¹ N.D. = Not determined, ² N.P. = Not performed.

Additionally, aqueous ammonia soaking was conducted using 10% NH₄OH for a process held at 70 °C for 22 h; it is important to note that time and temperature pairs (high temperature-short duration or low temperature-long duration) were described for acidic pretreatments ^[61][66], but appear also to be applied to alkaline pretreatments.

On another note, a combined biological-chemical pretreatment was achieved using white-rot fungi and alkaline oxidative pretreatment (3% NaOH and 3% H₂O₂) ^[62][67]. The combined pretreatment was performed over 24 h at 40 °C, and four other fungi were tested, of which Pletorus eryngii exhibited the best performance.

Chemical and combined pretreatment have notably resulted in a significant decrease in lignin content, from 12–22% to 7–18%. In contrast, the content of cellulose, the polymer of interest for hydrolysis and subsequent fermentation, has noticeably increased from 35–51% to reach 62–78%, which could be caused by the removal of lignin that was blocking the cellulose before pretreatment ^[63][68].

Following pretreatment, Simultaneous Saccharification and Fermentation (SSF) was accomplished ^[54][55][57][59,60,62] with optimization by Response Surface Methodology (RSM) ^[55][60] or by individually-elaborated experimental conditions ^[54][59]. The latter consisted of four scenarios in which the composition of the fermentation medium (cellulase, hemicellulase, and presence/absence of Tween 80) was different for the four SSF trials. The fourth case (30 FPU/g cellulase, 140 FXU/g hemicellulase, and milling (size = 0.22 mm)) proved to be most efficient. Moreover, regular enzymatic hydrolysis was also performed following pretreatment ^[57][59][63][62,64,68].

Finally, ethanol content produced varies remarkably following chemical pretreatment and saccharification. For instance, 6.5 g/L produced after 96 h of fermentation ^[55][60] as opposed to 76.92 g/L also produced after 96 h of fermentation ^[54][59], despite both studies undergoing an optimization process. The lower ethanol concentration could result from of the increased lignin content following chemical pretreatment, which consequently affects the efficiency of SSF. On the other hand, the second optimized process using the four different cases allowed the comprehension between ethanol concentration and solid loading, which exhibited a significantly negative quadratic correlation. Therefore, fermentation was repeated at the focus point of the quadratic model defined for the fourth scenario (30 FPU/g cellulase, 140 FXU/g hemicellulase, and milling (size = 0.22 mm)), which resulted in 76.92 g/L of ethanol. In addition, 20.1 g/L of ethanol was obtained after 72 h of fermentation ^[58][63], a concentration that can be attributed to the efficiency of the pretreatment in removing lignin (from 14.56% to 9.21%), which allowed for an effective hydrolysis.

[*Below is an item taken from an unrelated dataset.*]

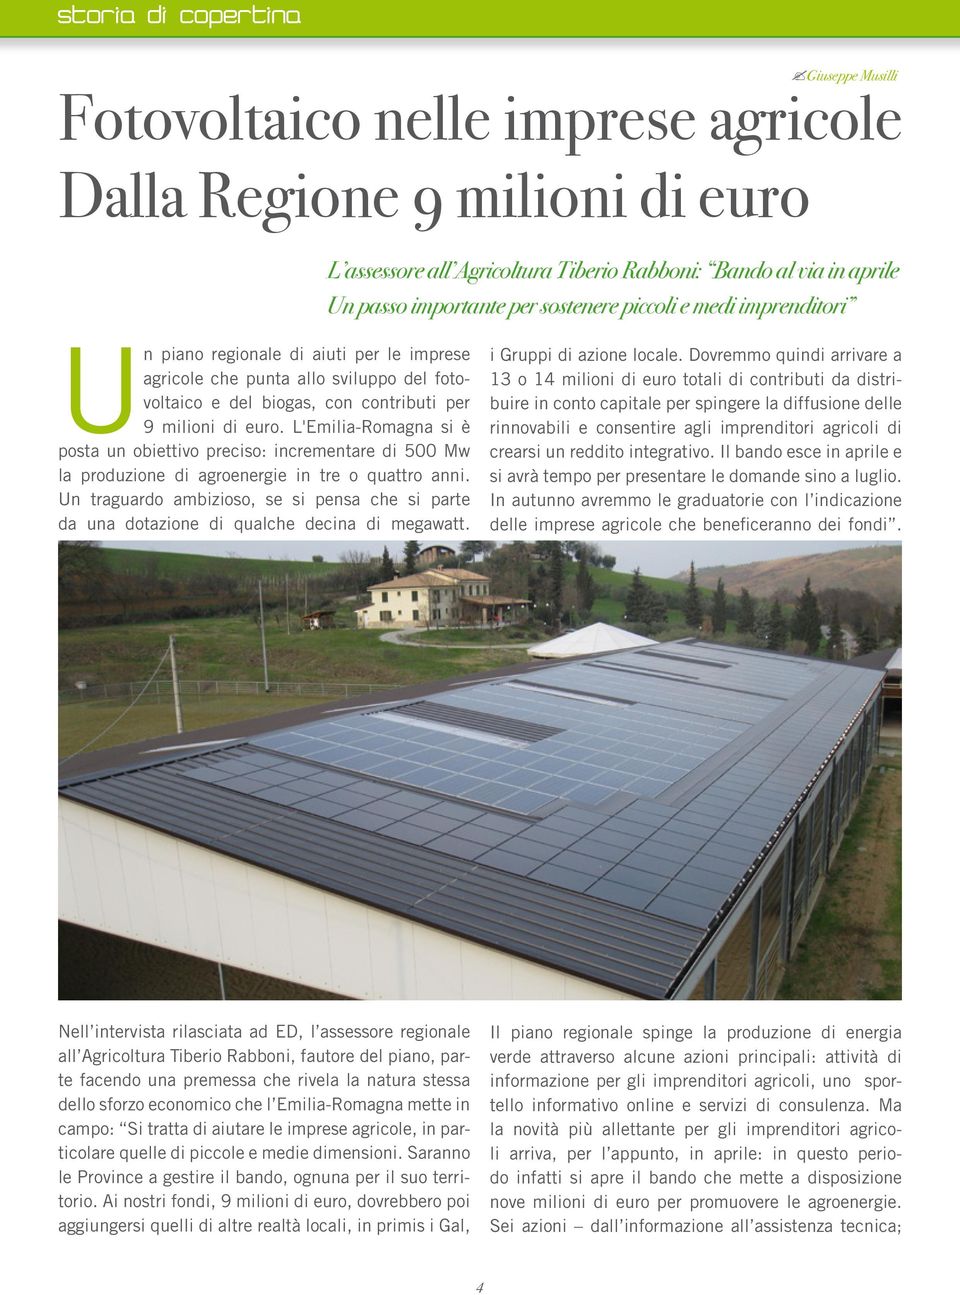 medi imprenditori Un piano regionale di aiuti per le imprese agricole che punta allo sviluppo del fotovoltaico e del biogas, con contributi per 9 milioni di euro.
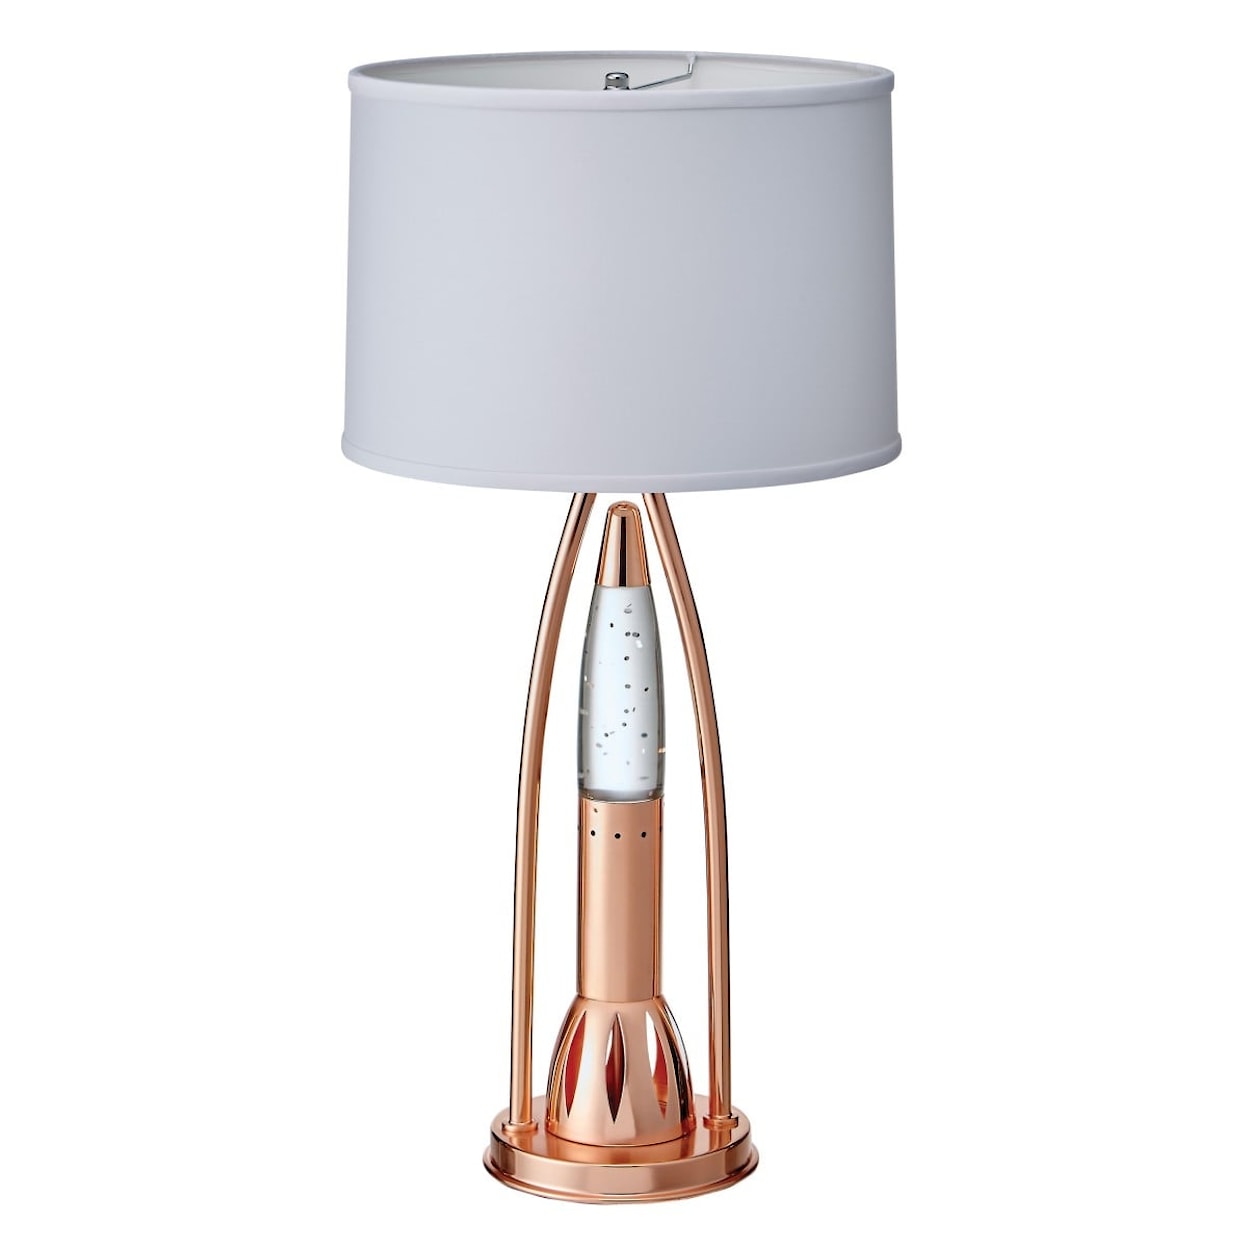 Homelegance Homelegance Table Lamp

To conclude, NaOH remains the most effective chemical agent in hemp biomass pretreatment as it has confirmed its efficiency in de-lignification, hence the reduction of recalcitrance to enzymatic hydrolysis. Moreover, these studies confirm that solid loading also plays an important role in final ethanol concentration ^[54][59]. Nevertheless, more information should be gathered about the efficiency of other non NaOH-based pretreatments, or treatments based on the application of NaOH and other agents, in relation to bioethanol production. The industrialization of lignocellulosic ethanol has already begun, with many countries having already installed plants. Nevertheless, to achieve this industrialization, manufacturers are faced with diverse obstacles: (1) more profound understanding of raw materials, their properties, their restrictive factors during pretreatment (inhibition, mass transfer, etc.), (2) development of low-cost enzymatic hydrolysis technique with optimum performance, and (3) a deeper understanding of microorganisms and their metabolic activities to enhance fermentation efficiency further, which also includes the engineering of specific strains.